The Rusted Knight: Ten Poems of a Poor Lover (Poetry & Medium Book 1) chapter 2
## Chapter 2: The Second Poem — The Silent Horse

**I. The Arrival of Rich Partner**
Ten camels came. Their bells made silver noise.
Rich Partner rode like kings among poor boys.
His cloak was ermine. Rings were on each thumb.
He smiled. The courtiers bowed. The guards stood dumb.
“I come,” he said, “to marry Medium.
I bring three chests of gold and a new heirloom —
A mirror from the east that tells no lies.”
The king applauded. Poetry’s heart dies.
**II. Medium Feels the Wrongness**
She sat on her silver chair. Her left hand twitched.
Something about this rich man made her itched
Beneath her skin. His voice was smooth as oil,
But his eyes were counting, not courting, her royal soil.
“Father,” she whispered, “let me wait a year.”
The king laughed. “Gold does not disappear.
This prince is wealth. The other one is rust.”
She looked for Poetry. Dust. Only dust.
**III. The Silent Horse**
Poetry owned one horse. No name. No neigh.
It stood in shadows. It had nothing to say.
For seven years, it carried him through mud,
Through wars he lost, through fields of failed blood.
That night, he knelt beside it in the stable.
“Old friend,” he said. “I am not able
To win her with a sword. But I can sing.
Tomorrow, I will give the rich prince a thing
He cannot buy: ten poems. And you, my horse,
Will stand here silent. That will be your force —
To witness. To remember. To not speak.
Because the poor must let the wealthy seem meek.”
**IV. The Second Poem — Written on a Bridle Strap**
*My horse knows the way to your window, not to the war.*
*His hooves have memorized the stones outside your door.*
*He never carried a lance. He never wore a plume.*
- He only carried me through the sorrow and the gloom*

*To stand beneath your balcony at three o’clock in spring,*
*When even the richest men are poor at listening.*
*So if you hear a hoof-fall soft as fallen ash,*
*That is my silent horse. That is my quiet dash*
*Toward a love that has no armor, no land, no king to please — *
*Just a horse who knows your window, and a heart down on its knees.*
**V. The Meeting in the Garden**
Rich Partner found Poetry by the rose hedge.
“You,” said the prince. “The one who lives on the edge
Of starvation. I heard you make rhymes.
I need ten love poems for wedding times.
Medium is strange. She wants ‘feeling,’ not gold.
Make me ten verses. Let my story be told
As if I wrote them. Hide behind the curtain.
Sing. I’ll move my lips. Of this be certain —
You will be paid.” Poetry bowed his head.
“I ask no gold,” he said. “Just let me stay instead
Behind the cloth. Let my voice reach her ears.

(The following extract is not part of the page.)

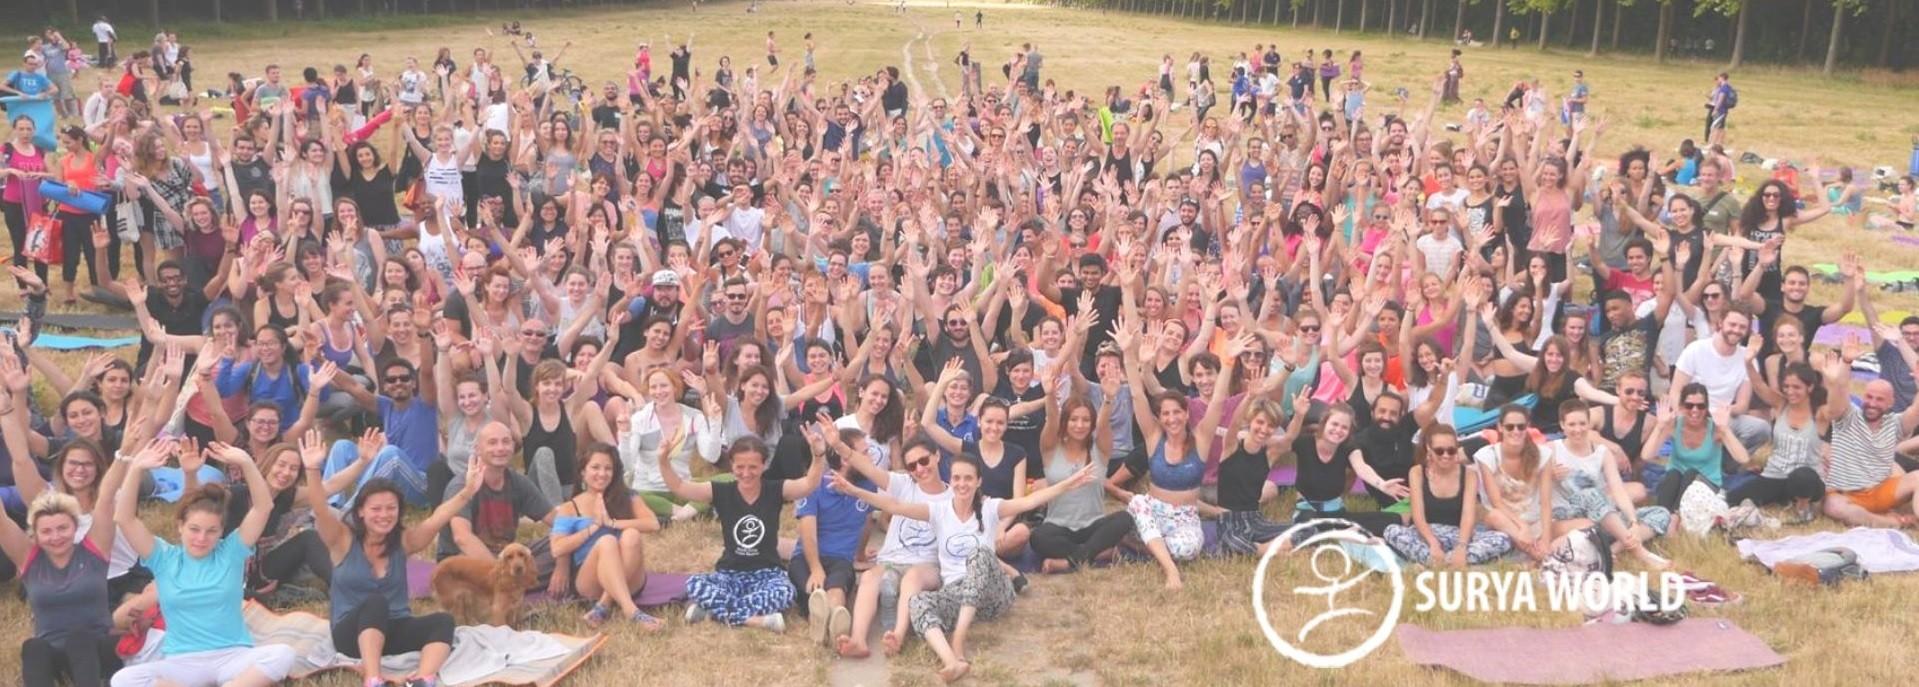 Paris: Free yoga class at Vincennes

That is my price. Ten poems. Ten tears.”
**VI. The Father Watches**
Manager stood behind a column. Stone.
He saw his son. He heard the prince’s tone.
“This is my chance,” he whispered to his purse.

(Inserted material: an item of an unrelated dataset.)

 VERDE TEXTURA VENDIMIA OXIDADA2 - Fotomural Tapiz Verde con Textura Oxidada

“If Poetry shames me, I will make it worse.
I will fire him. Not once. But poem by poem.
Ten chapters of dismissal. I will show him
That love is nothing. Numbers are the law.”
He touched his ledger. Smiled. And saw.
**VII. The Silent Horse Witnesses**
Back in the stable, the horse did not move.

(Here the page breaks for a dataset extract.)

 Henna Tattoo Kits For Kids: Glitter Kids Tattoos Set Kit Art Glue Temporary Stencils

But animals understand what words cannot prove.
It lowered its head. It breathed on the floor.
It remembered the boy who could not afford
A saddle, a blanket, a bridle of leather —
Only a whisper: *We will survive this weather.*
The horse closed its eyes. In the dark of the stall,
It saw a princess. It saw her fall
Not for a prince with camels and rings,
But for a poor man who sings.

**VIII. The Promise Before the Curtain**
That midnight, Poetry sat by the well.
He wrote the second poem. He could not tell
If Medium would hear his voice behind the cloth,
If she would know the rich man’s mouth was both
A liar and a thief. But he had to try.
“Tomorrow,” he said to the moon, “I die
Or live. There is no middle for the poor.
Either she knows my voice, or I close the door.”
He folded the bridle strap. He hid it inside
His shirt, next to his heart. And then he cried —
Not from sadness. From the terrible weight
Of loving someone when you have no estate.
**IX. The Closing of Chapter Two**
So ends the second chapter. The rich prince smiles.
The poor knight sharpens his voice for ten miles
Of verse. The silent horse stands in the straw.
Manager sharpens his ledger like a claw.
And Medium, asleep in her silver bed,
Dreams of a rusted shield and a horse’s head
Nuzzling her window at three in the dark.
Somewhere, a poor boy strikes a match. A spark.
The curtain waits. The ten poems are nearly done.